### Exercise data:
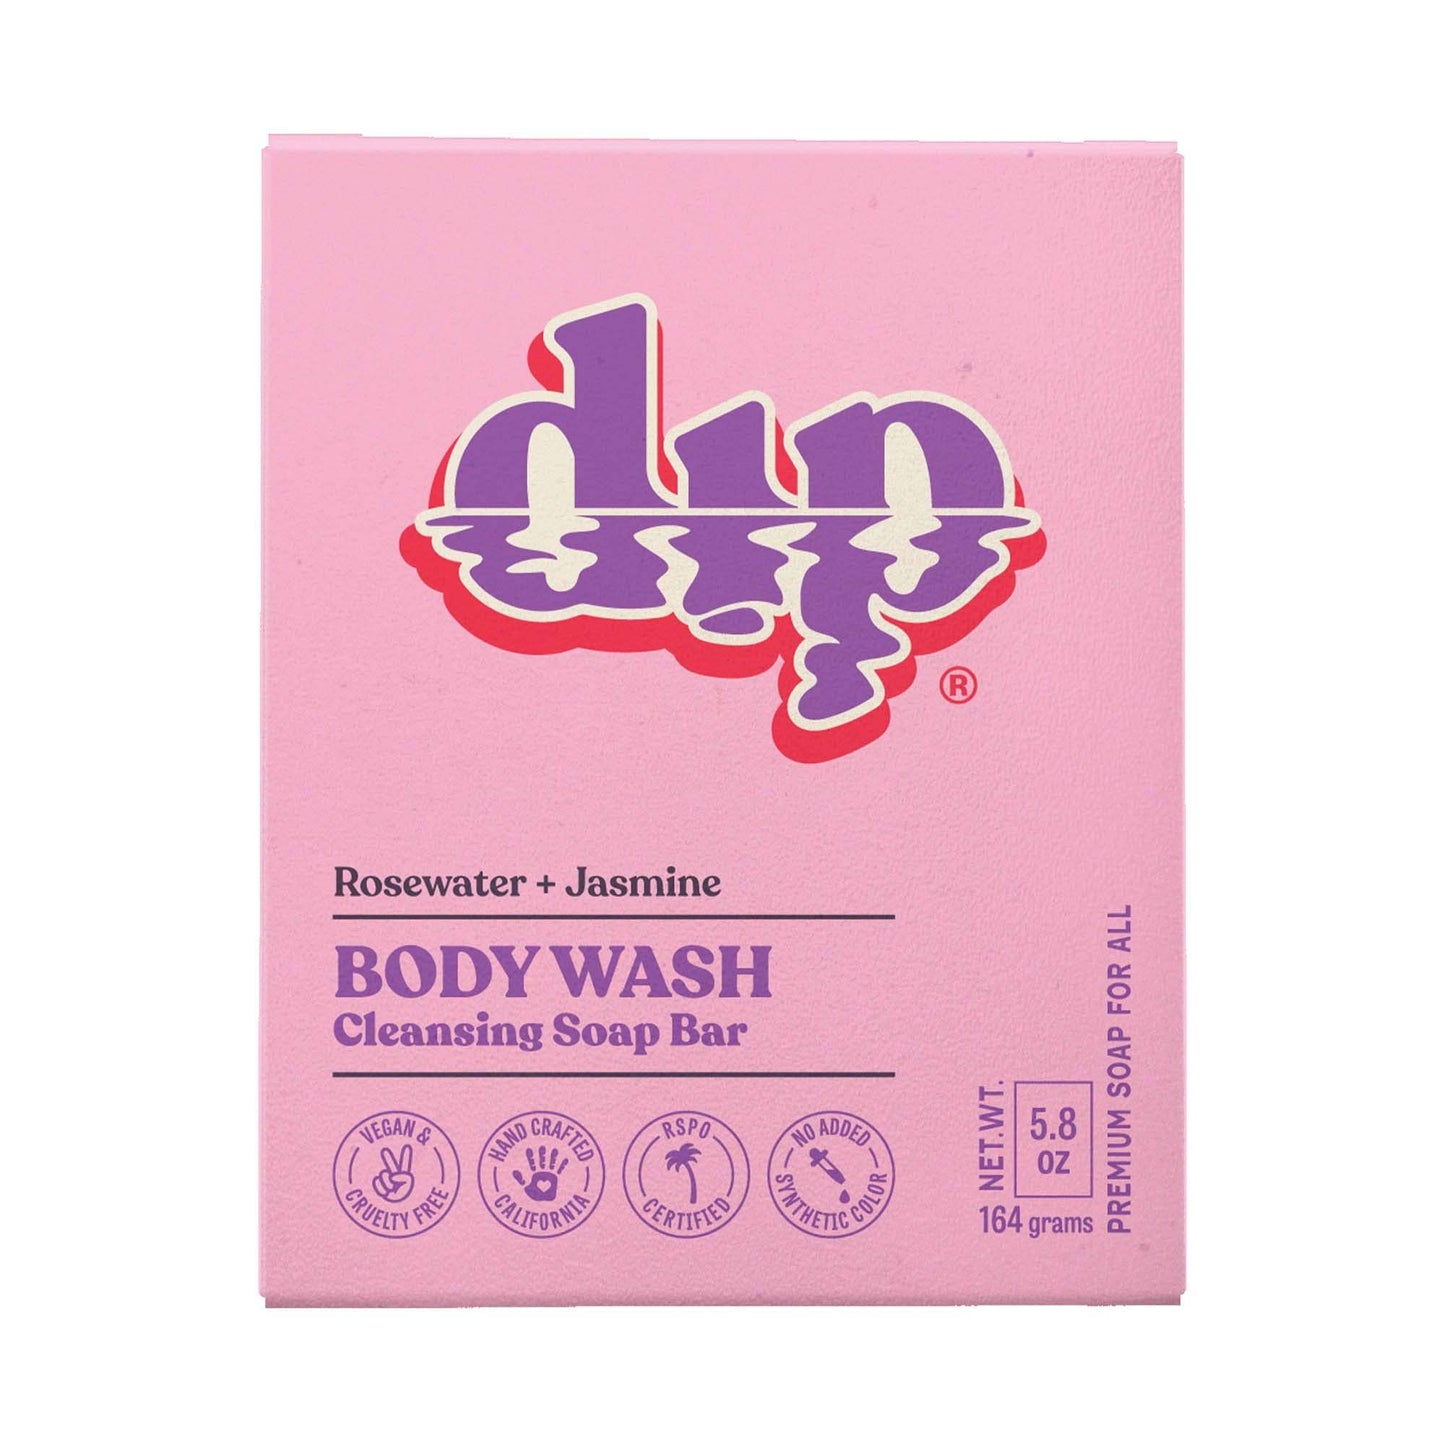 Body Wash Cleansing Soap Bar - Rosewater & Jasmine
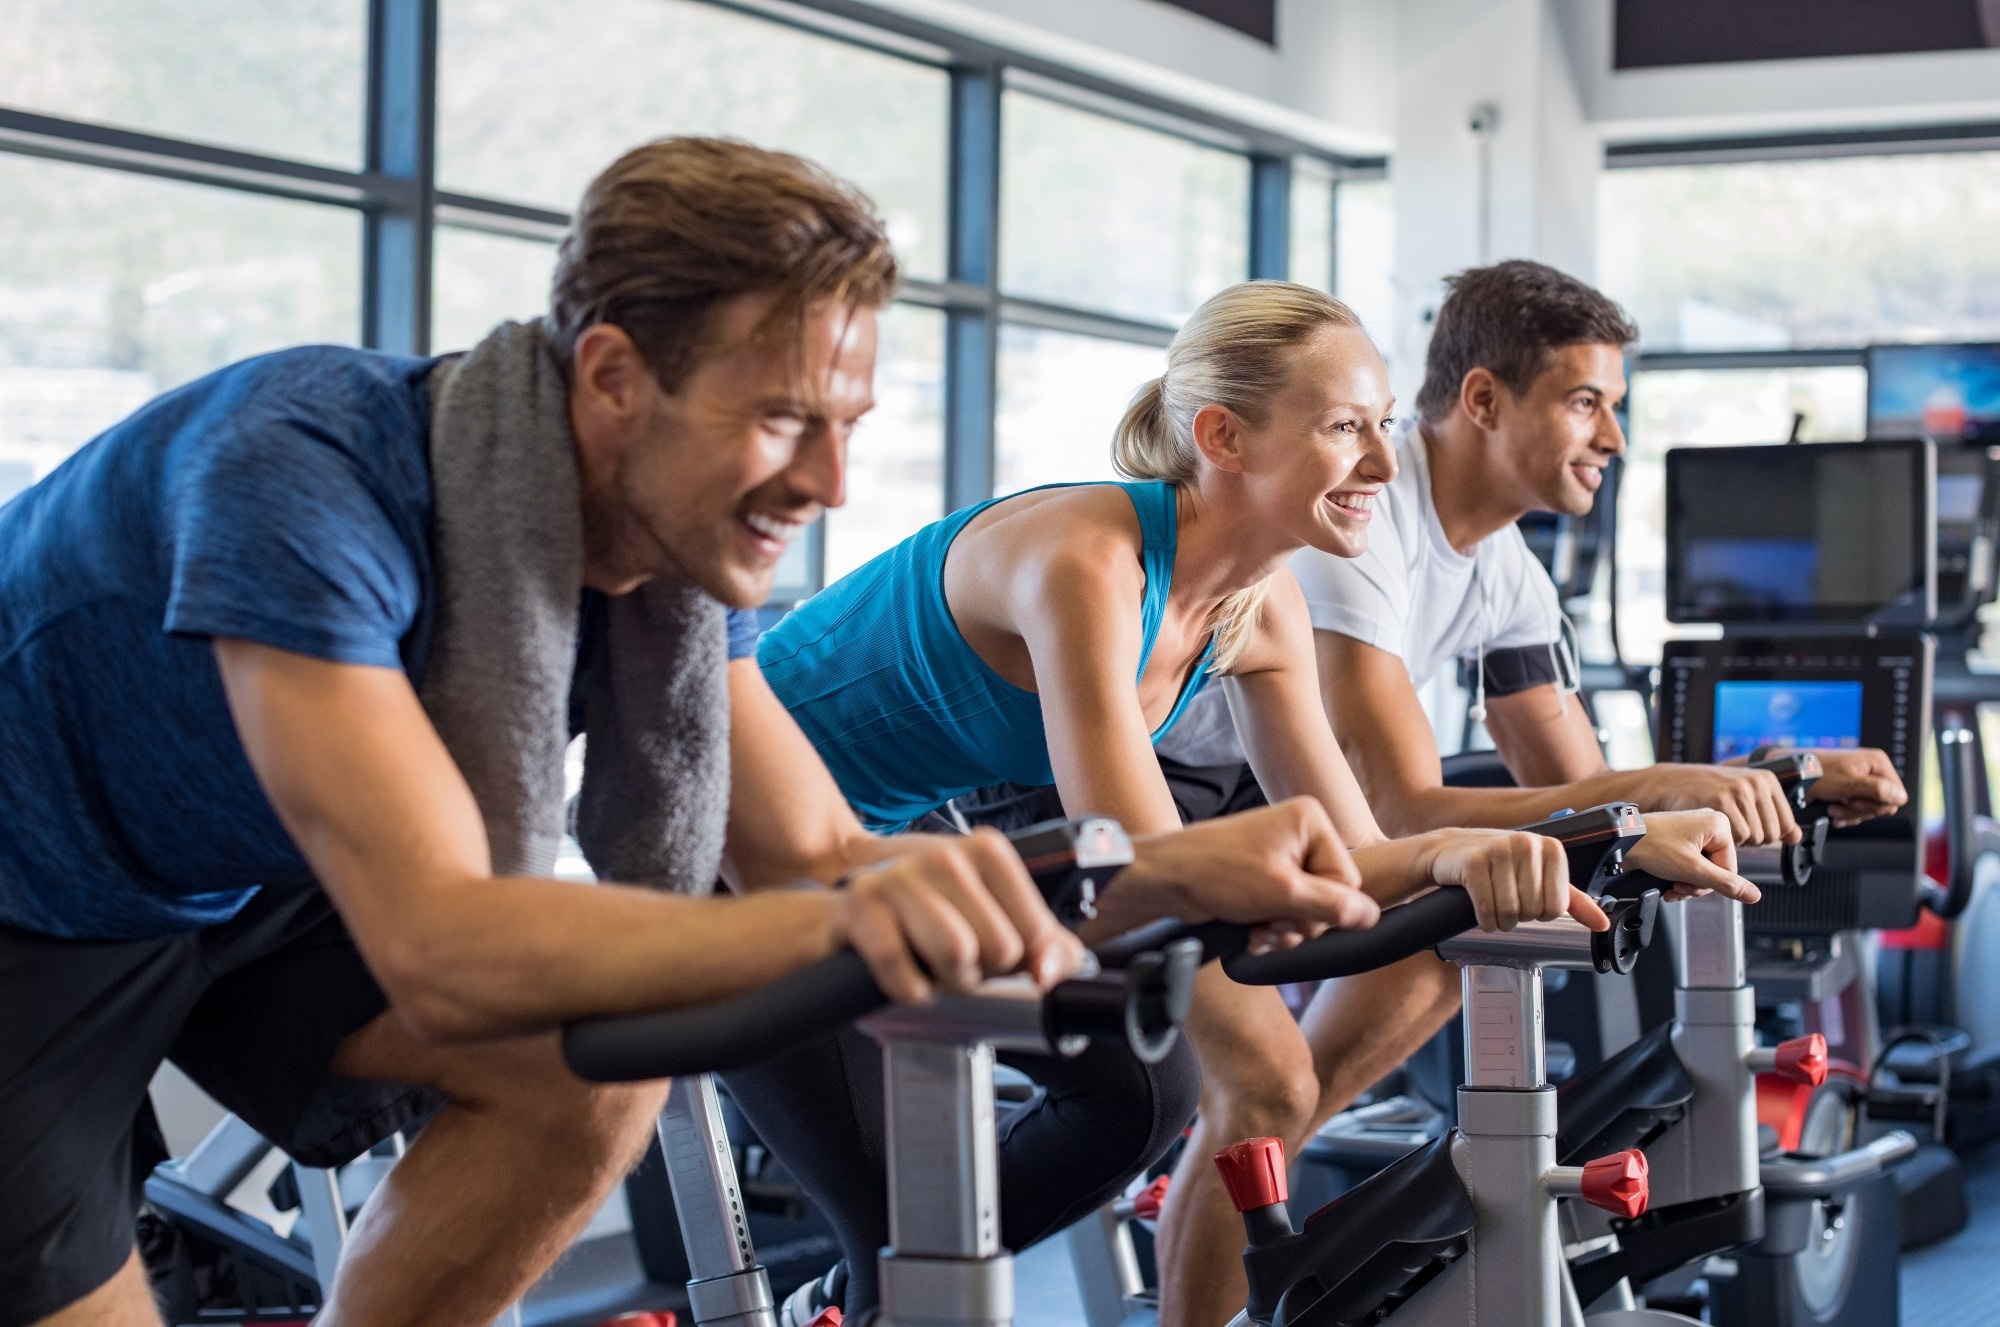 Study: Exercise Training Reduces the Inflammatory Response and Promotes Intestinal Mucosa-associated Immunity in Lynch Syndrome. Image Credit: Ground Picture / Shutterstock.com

* * *

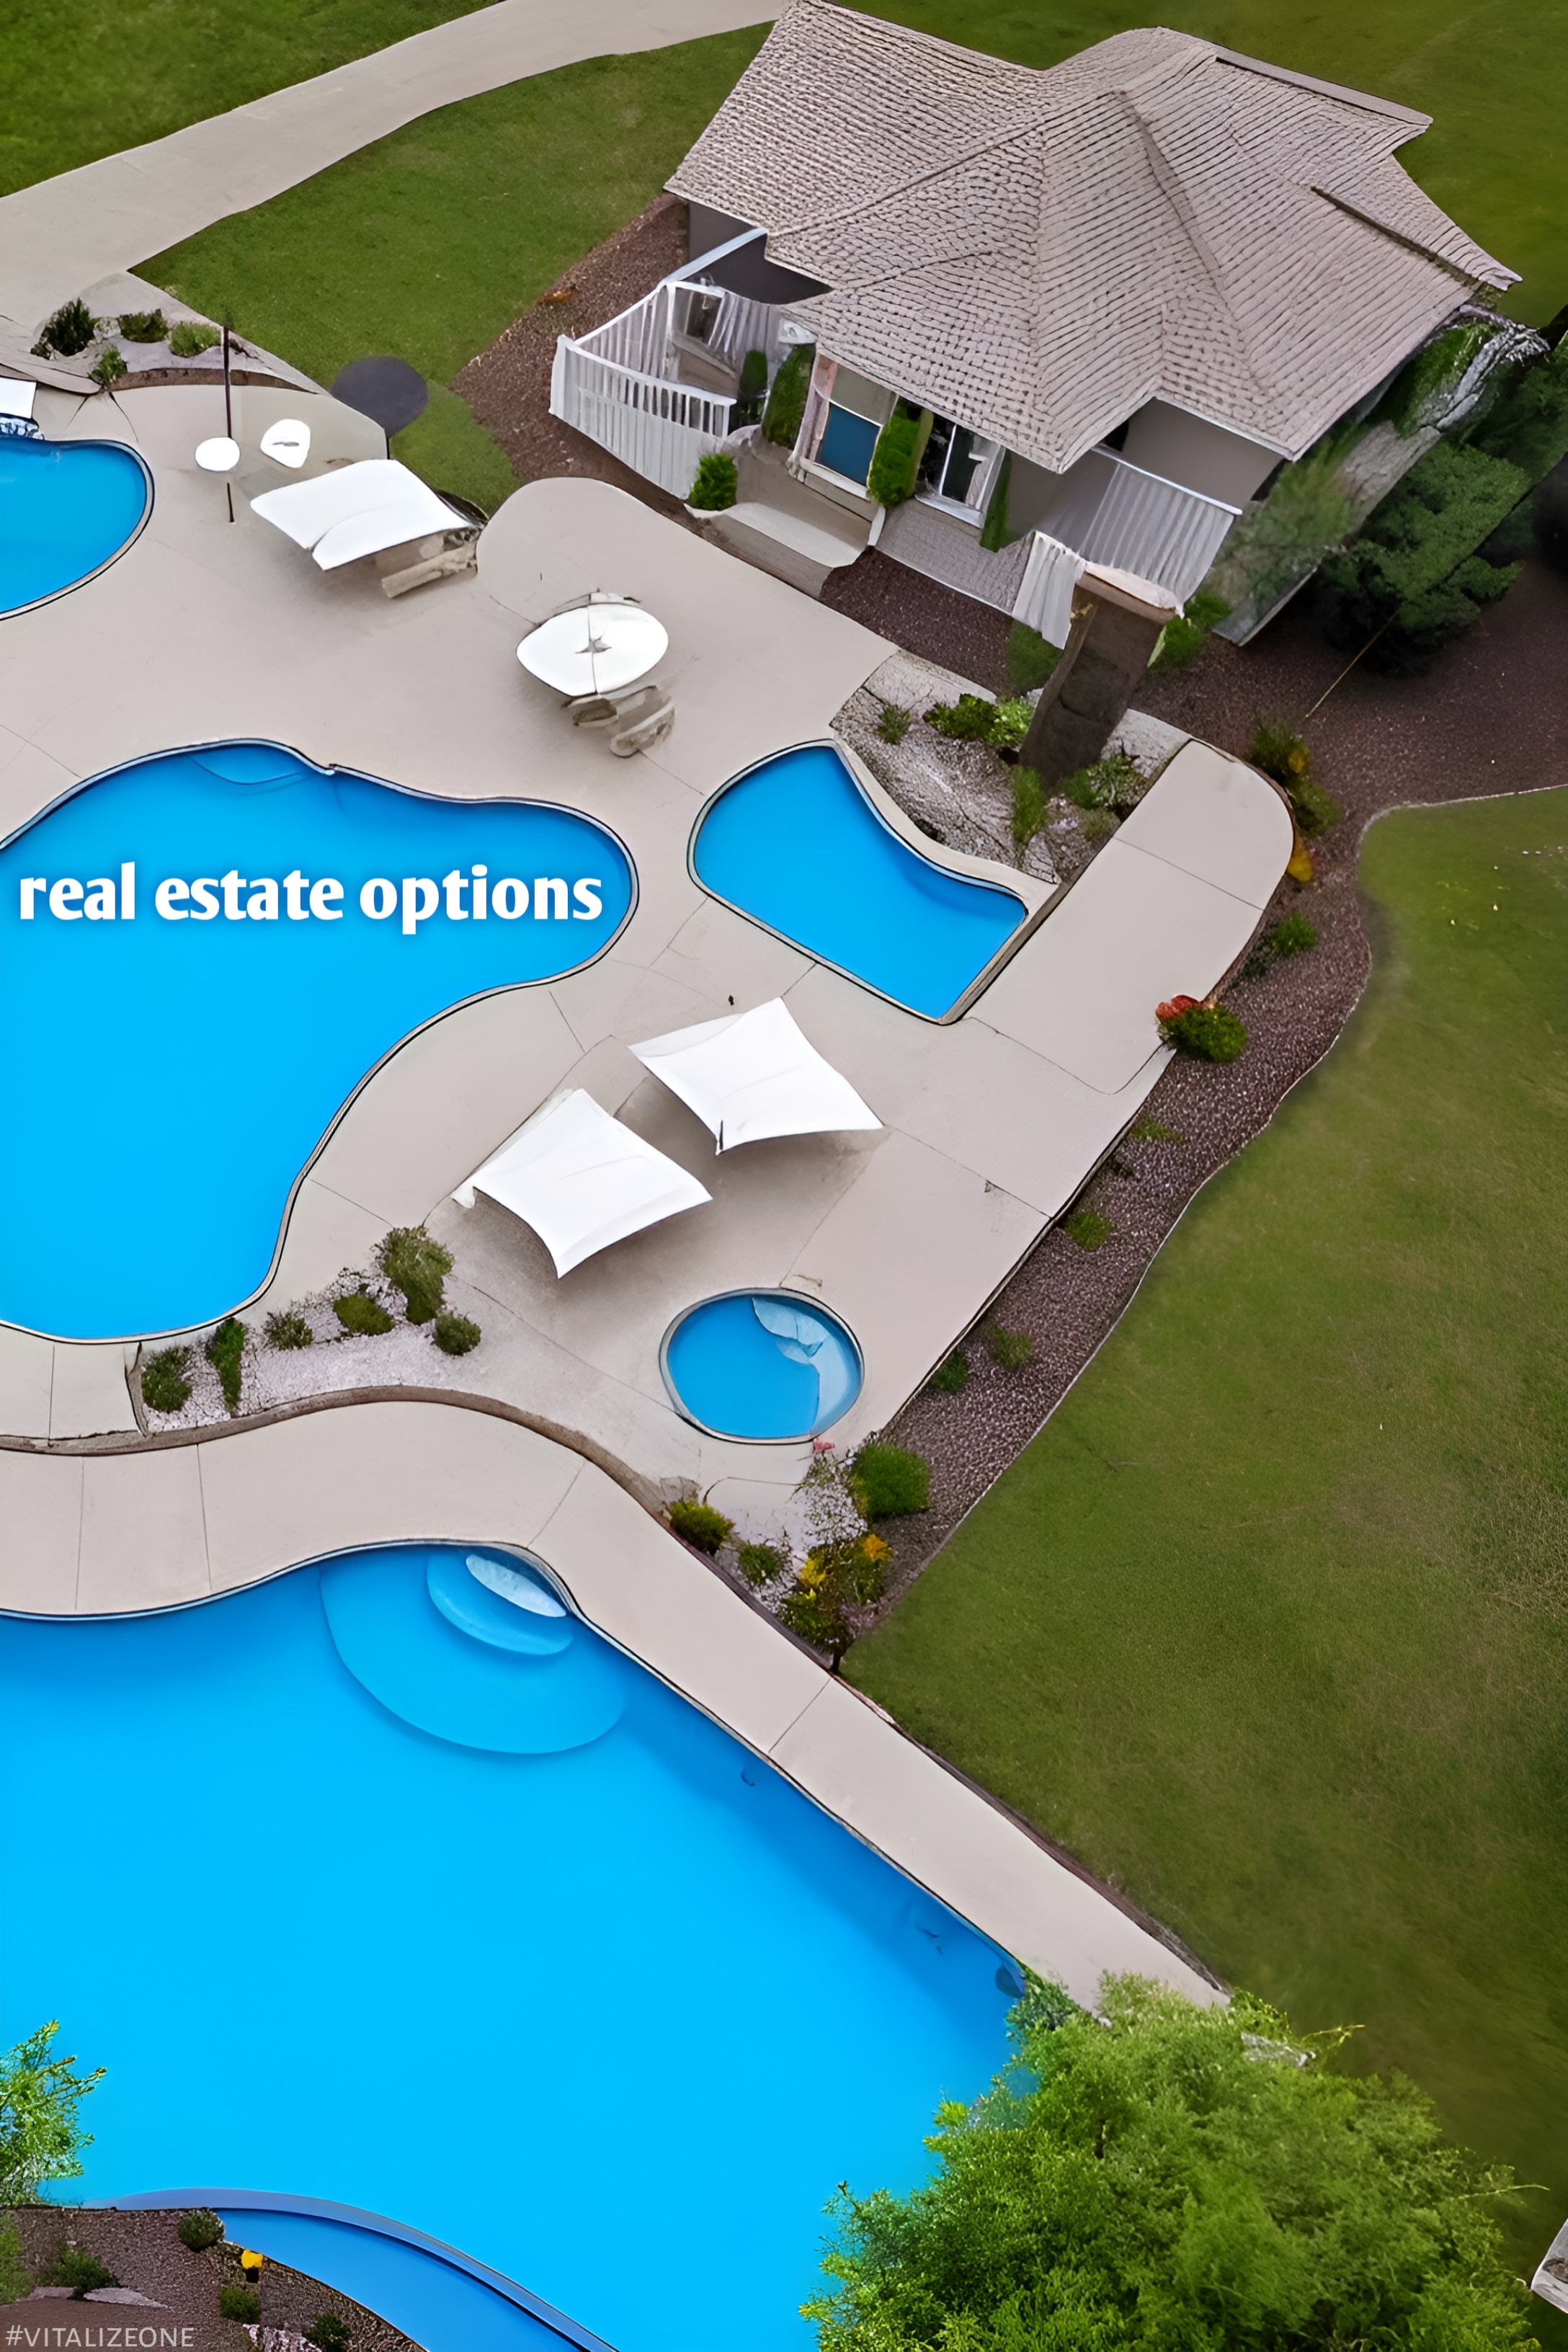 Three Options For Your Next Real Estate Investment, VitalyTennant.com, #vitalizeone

### Assignment:
Only the lines starting at the one that includes "Body Wash Cleansing" and ending at the one that includes "Study: Exercise Training Reduces" should be retyped, exactly, from the records above; no pictures.

### Response area:
 Body Wash Cleansing Soap Bar - Rosewater & Jasmine
 Study: Exercise Training Reduces the Inflammatory Response and Promotes Intestinal Mucosa-associated Immunity in Lynch Syndrome. Image Credit: Ground Picture / Shutterstock.com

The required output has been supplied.